The Australian Bureau of Statistics (ABS) and Japan's Customs and Tariff Bureau (JCTB) have recently undertaken a bilateral reconciliation study covering merchandise trade flows between Australia and Japan. The ABS acknowleges the contribution of the JCTB in carrying out this study.

Japan is Australia's largest trading partner, accounting for 13.0 per cent of Australia's imports and 19.5 per cent of Australia's exports in the year ended June 1997. In 1994, the year for which the reconciliation has been undertaken, Japan's share of Australia's imports and exports was even higher, accounting for 17.8 per cent and 24.7 per cent respectively.

In 1994, Australia recorded imports of $12,100 million from Japan while Japan recorded exports to Australia of $11,986 million. The discrepancy of $114 million represents 0.9 per cent of Australia's imports from Japan.

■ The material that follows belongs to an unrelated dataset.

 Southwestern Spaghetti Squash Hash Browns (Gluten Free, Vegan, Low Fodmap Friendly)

In the same year, Australia recorded exports of $15,992 million to Japan while Japan recorded imports from Australia of $18,794 million. The discrepancy of $2,802 million represents 17.5 per cent of Australia's exports to Japan.

There are many reasons why discrepancies exist in the recording of trade flows by trading partners. The purpose of this study was to quantify and adjust for conceptual and methodological differences so that the significance of the remaining differences could be determined.

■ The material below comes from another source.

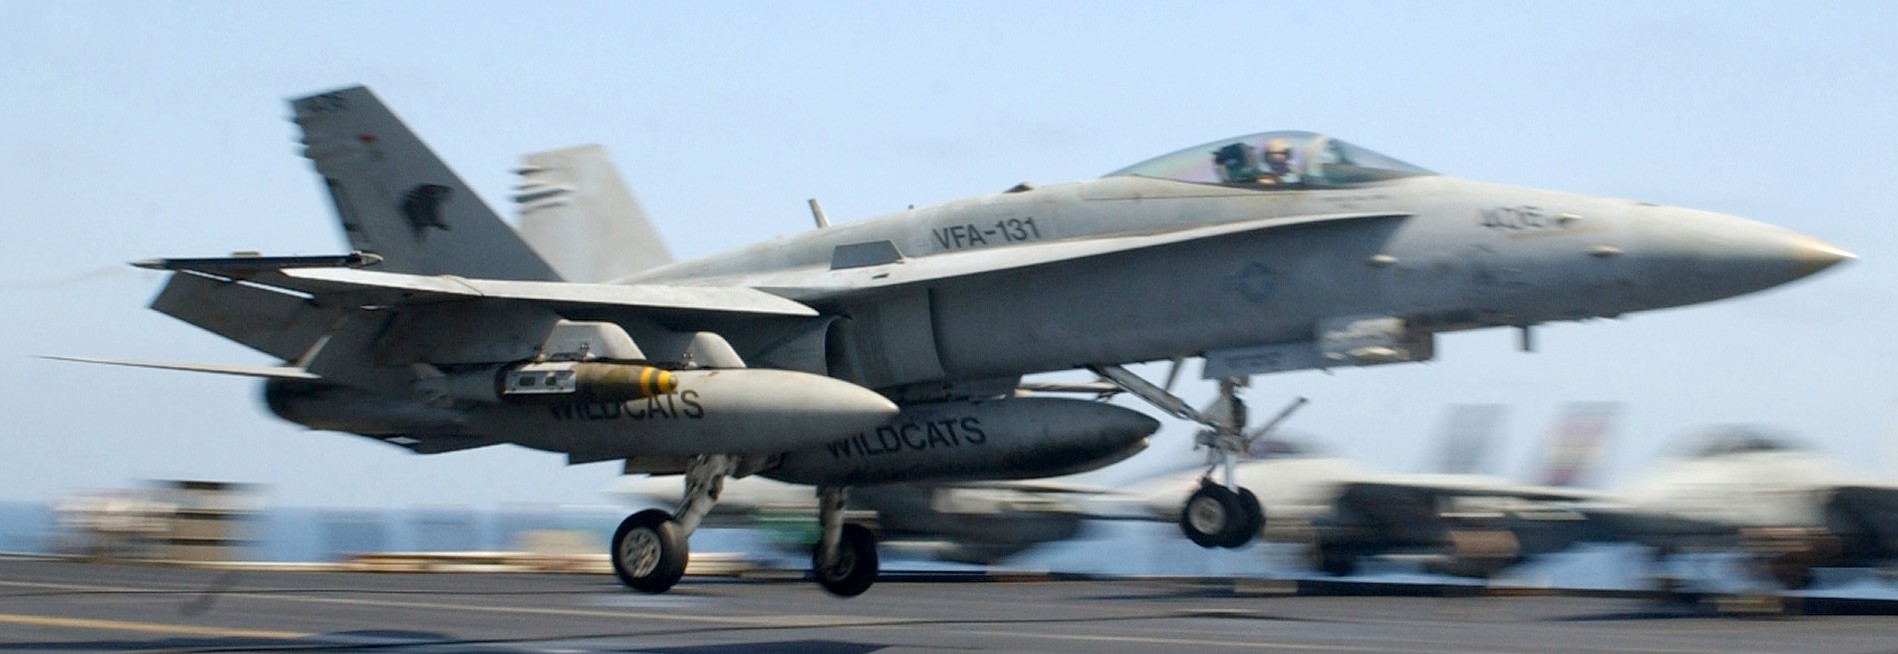 vfa-131 wildcats strike fighter squadron f/a-18c hornet cvw-7 uss john f. kennedy cv-67 2002 111

Outcomes of the reconciliation study are shown in Tables A and B. These tables show the value of Australia's exports or imports, the value of adjustments made, and the value of Japan's imports or exports. Also shown is the residual discrepancy - this is the discrepancy that remains between the two sets of figures after all conceptual and practical adjustments have been made. All figures are in Australian dollars, converted using an average annual exchange rate of $A1 = 74.25, applicable in 1994. Previous investigations have shown that the impact of using an average annual rate rather than a monthly rate is likely to be minor.

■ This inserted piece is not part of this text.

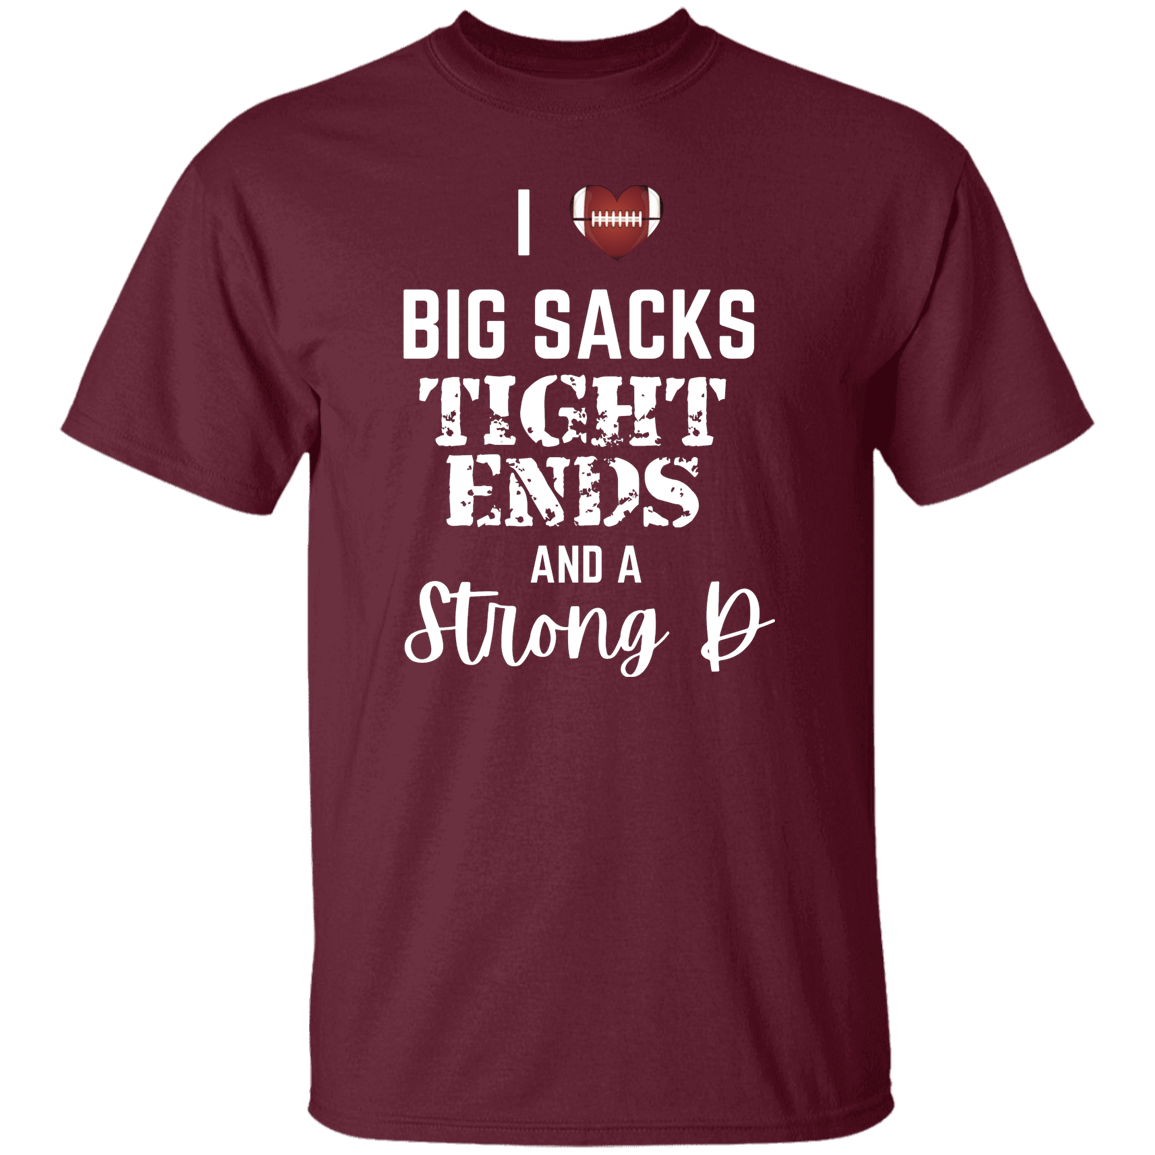 BIG SACKS 5.3 oz. T-Shirt

CONCEPTUAL AND METHODOLOGICAL DIFFERENCES

Although both countries generally follow the international recommendations contained in the United Nations (UN) publication, International Trade Statistics, Concepts and Definitions, Statistical Papers, Series M, No. 52, Rev. 1, there are still definitional and conceptual differences in the data. The adjustments made to account for these differences in this reconciliation are outlined in this section. For more detailed information on the possible causes of differences between the exports of one country and the imports of the other, see the article Bilateral Merchandise Trade Statistics Reconciliation: Australia and the United States of America, 1991 to 1994 which was published in the September Quarter 1996 issue of International Merchandise Trade, Australia (Cat. No. 5422.0).


Southbound Trade

The adjustments shown in Table A represent the changes needed to transform Australia's published imports to the same basis as Japan's published exports. They do not reflect revisions to either country's official statistics.

  • Coverage

The most significant coverage difference affecting southbound trade relates to differing treatment of low value records.

In Australia, import entries lodged on informal clearance documents for values not exceeding $250 are excluded. In addition, imported parcel post items valued under $1,000 are excluded. In Japan, merchandise trade statistics exclude export shipments valued under $2,694 (200,000) regardless of mode of transport.

To adjust for this difference, the value of all Australian records less than $2,694 (200,000) in value was determined, resulting in a low value trade adjustment of -$256 million being applied.
  • Valuation

Australia values its imports on a 'Customs value' basis. Customs value is the FOB transactions value adjusted for any transaction where the Australian Customs Service considers the FOB transactions value to be not a true market value.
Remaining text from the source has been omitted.